Task description:
In the records below, find the line that contains "Amarousio variazioni di" and the line that contains "Sfondo scuro grunge."; write out exactly those two lines and everything between them, without the pictures.

Data to process:
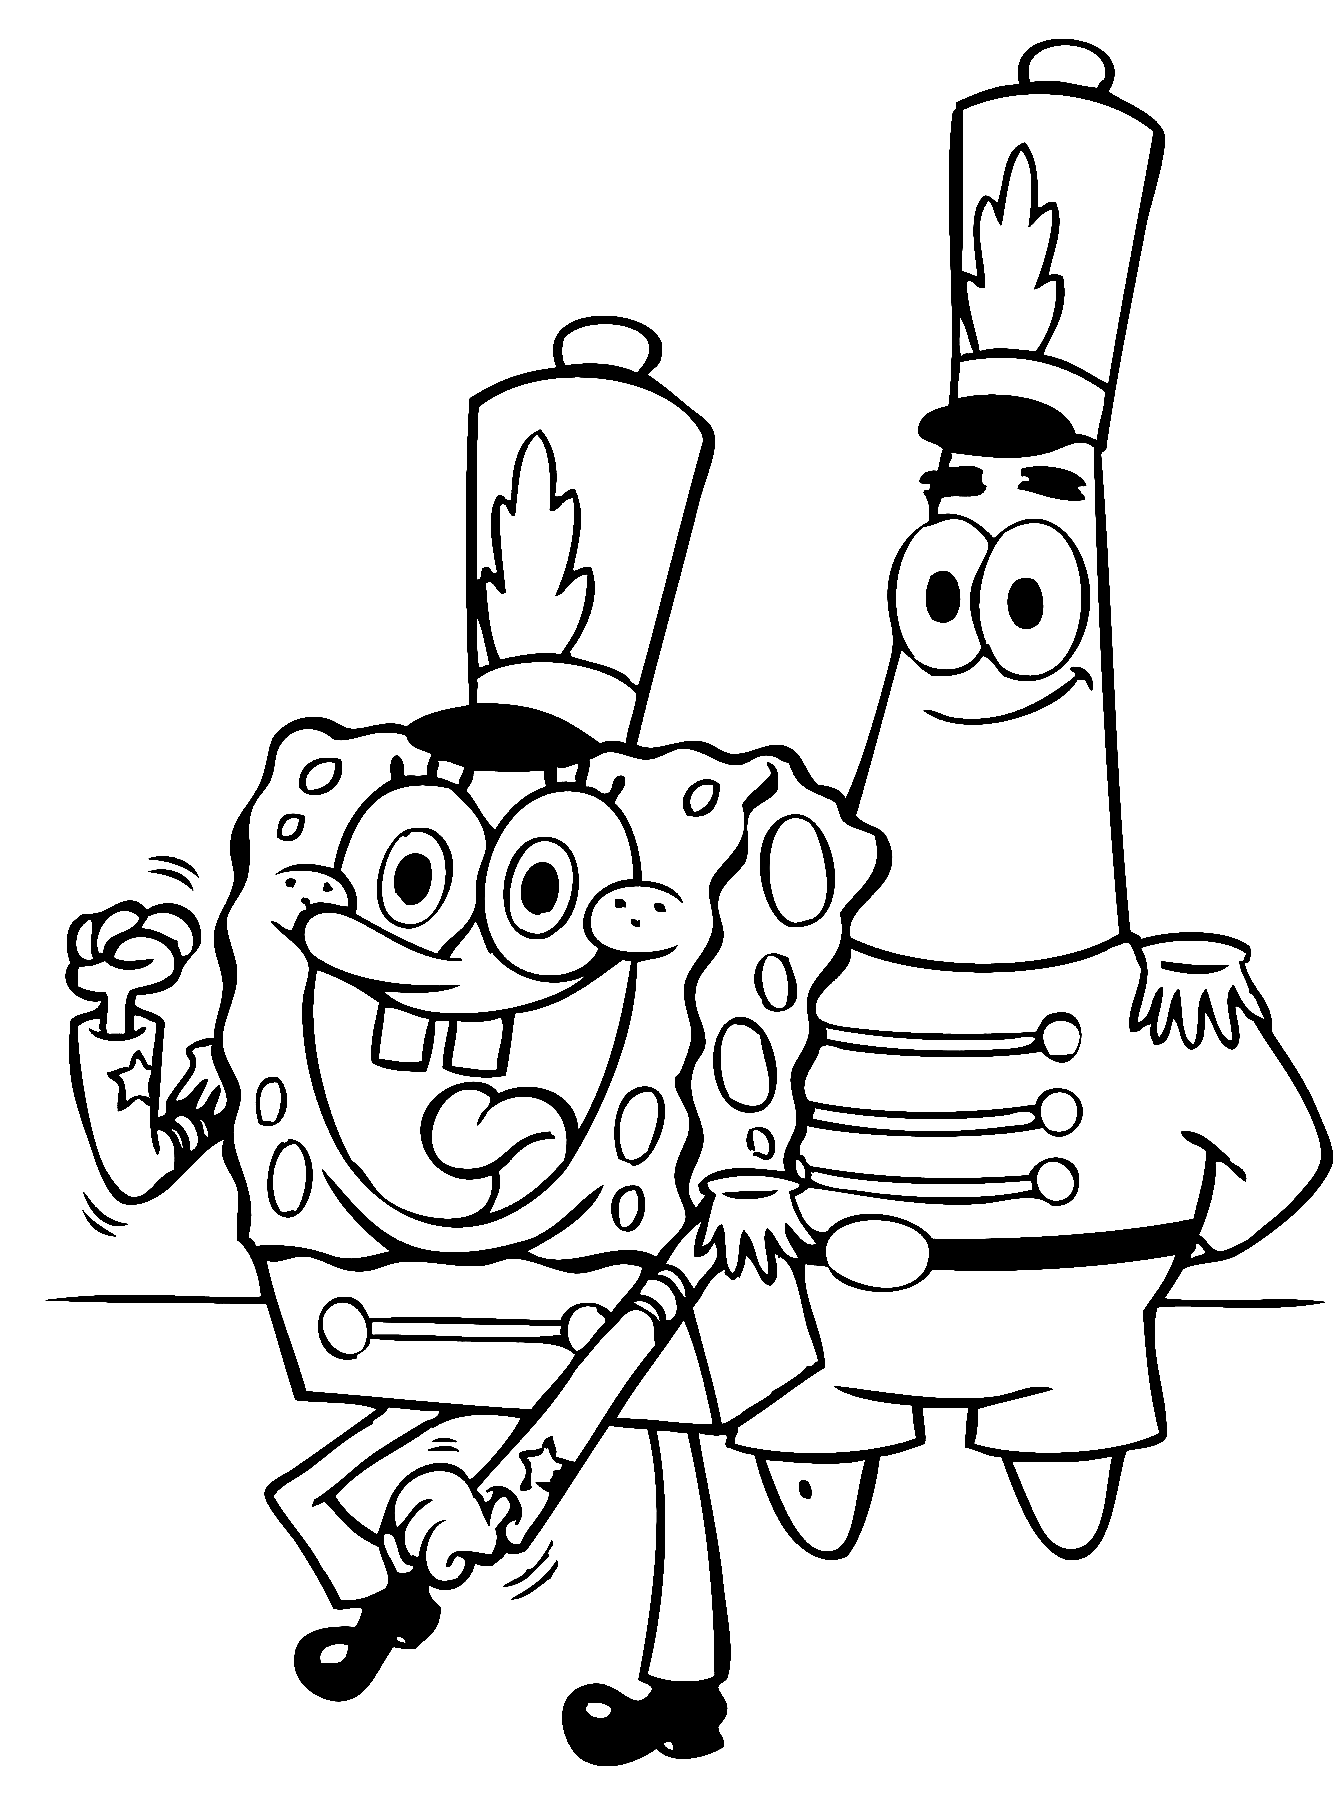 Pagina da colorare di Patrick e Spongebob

--

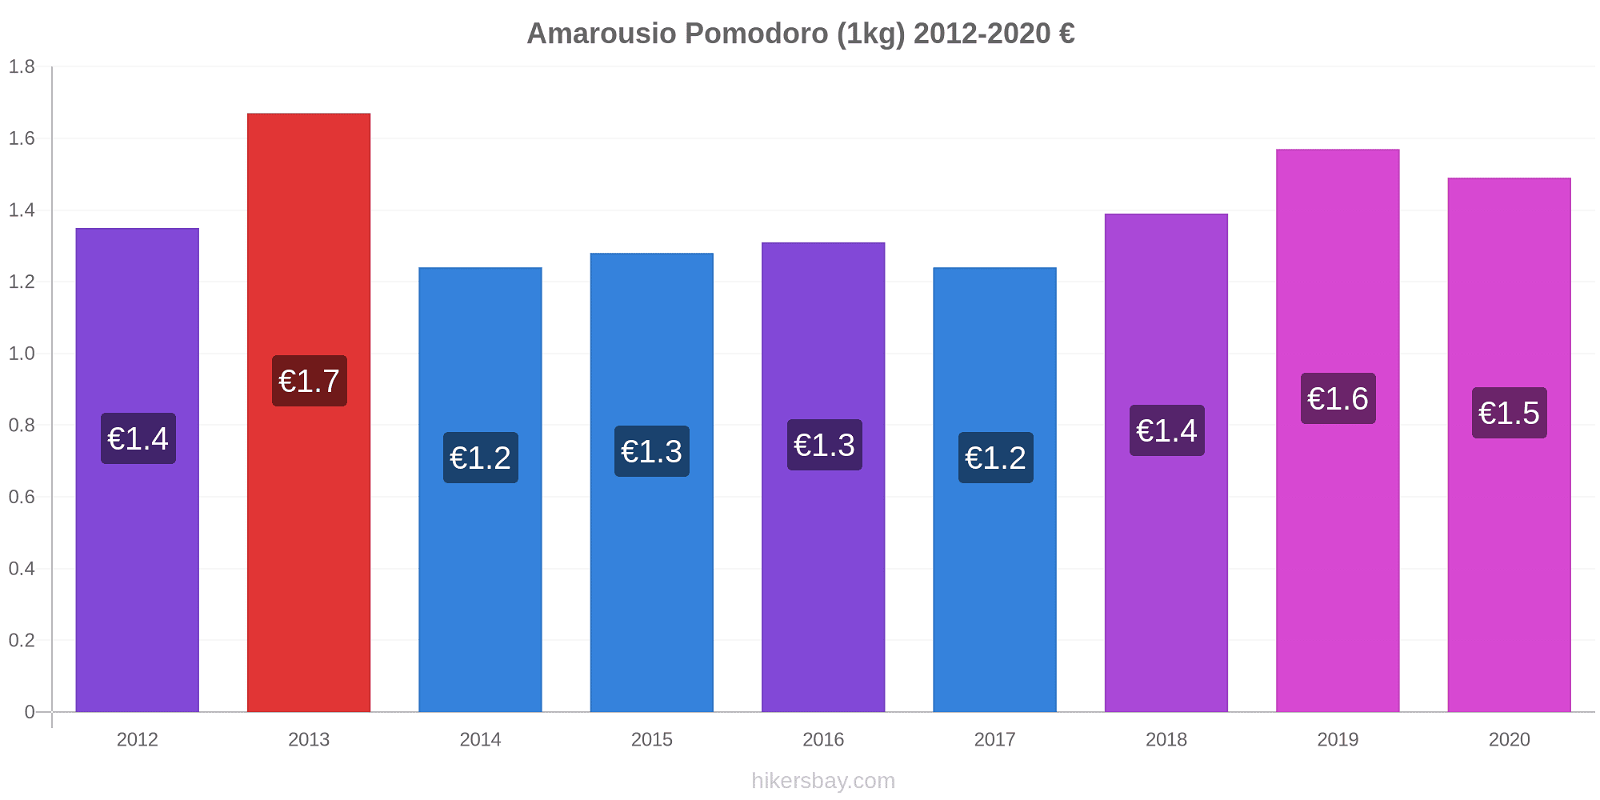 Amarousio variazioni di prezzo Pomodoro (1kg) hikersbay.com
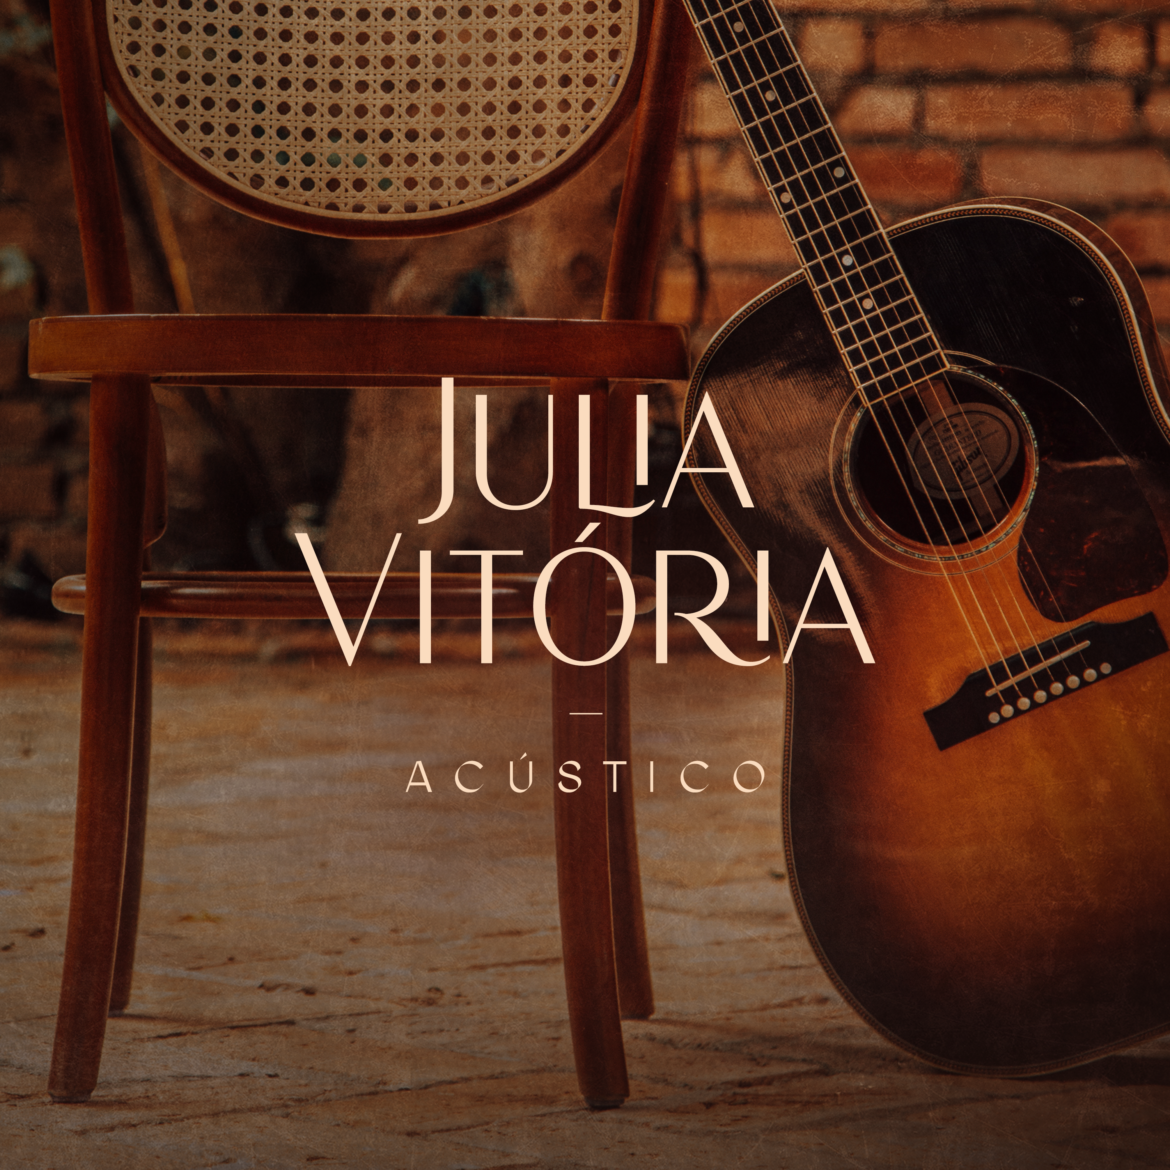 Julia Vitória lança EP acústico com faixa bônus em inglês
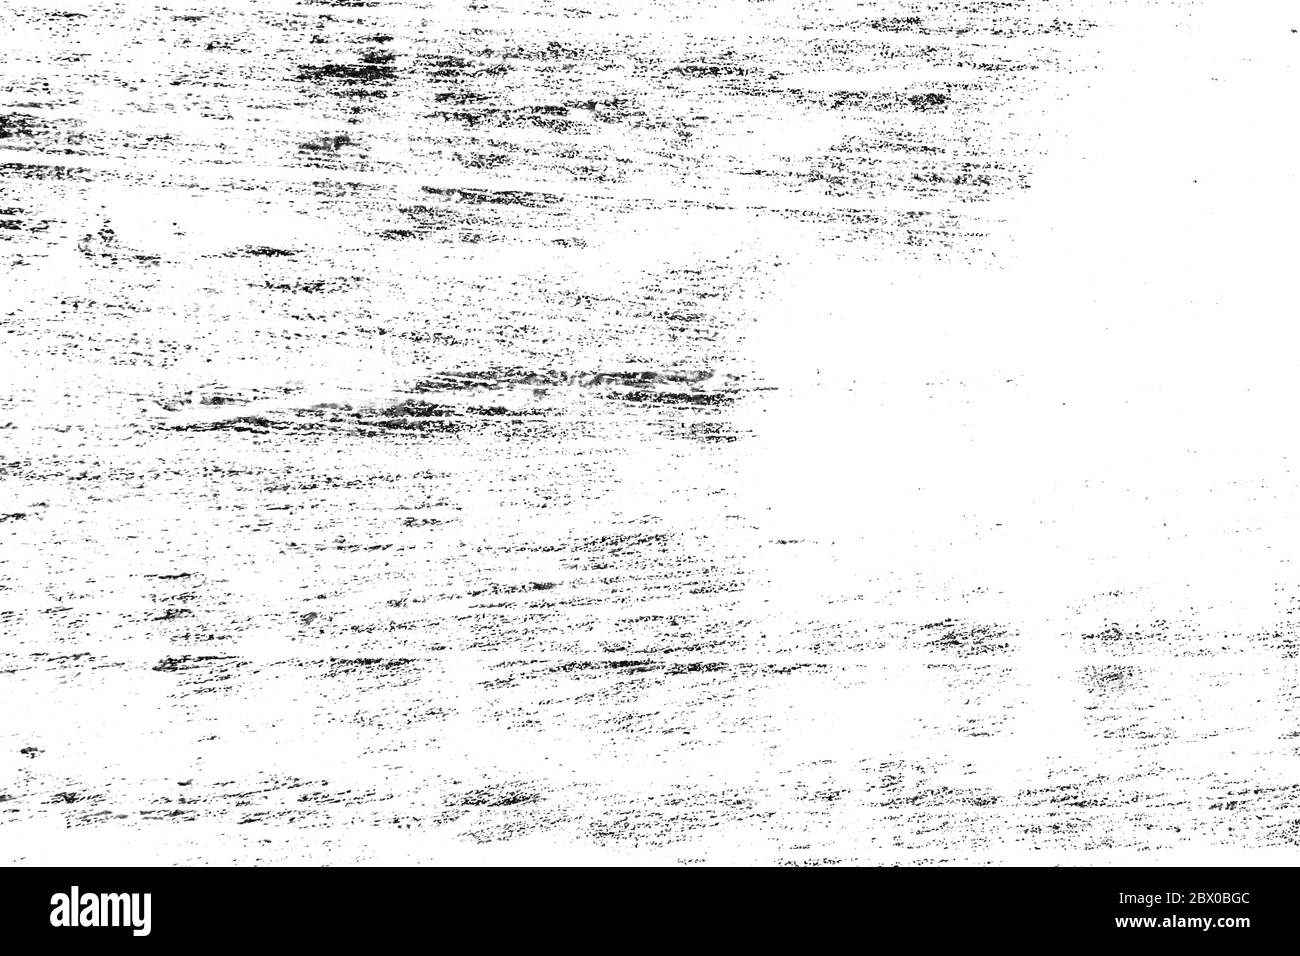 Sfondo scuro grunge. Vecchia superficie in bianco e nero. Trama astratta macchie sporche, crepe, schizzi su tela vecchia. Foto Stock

Exercise output:
 Amarousio variazioni di prezzo Pomodoro (1kg) hikersbay.com
 Julia Vitória lança EP acústico com faixa bônus em inglês
 Sfondo scuro grunge. Vecchia superficie in bianco e nero. Trama astratta macchie sporche, crepe, schizzi su tela vecchia. Foto Stock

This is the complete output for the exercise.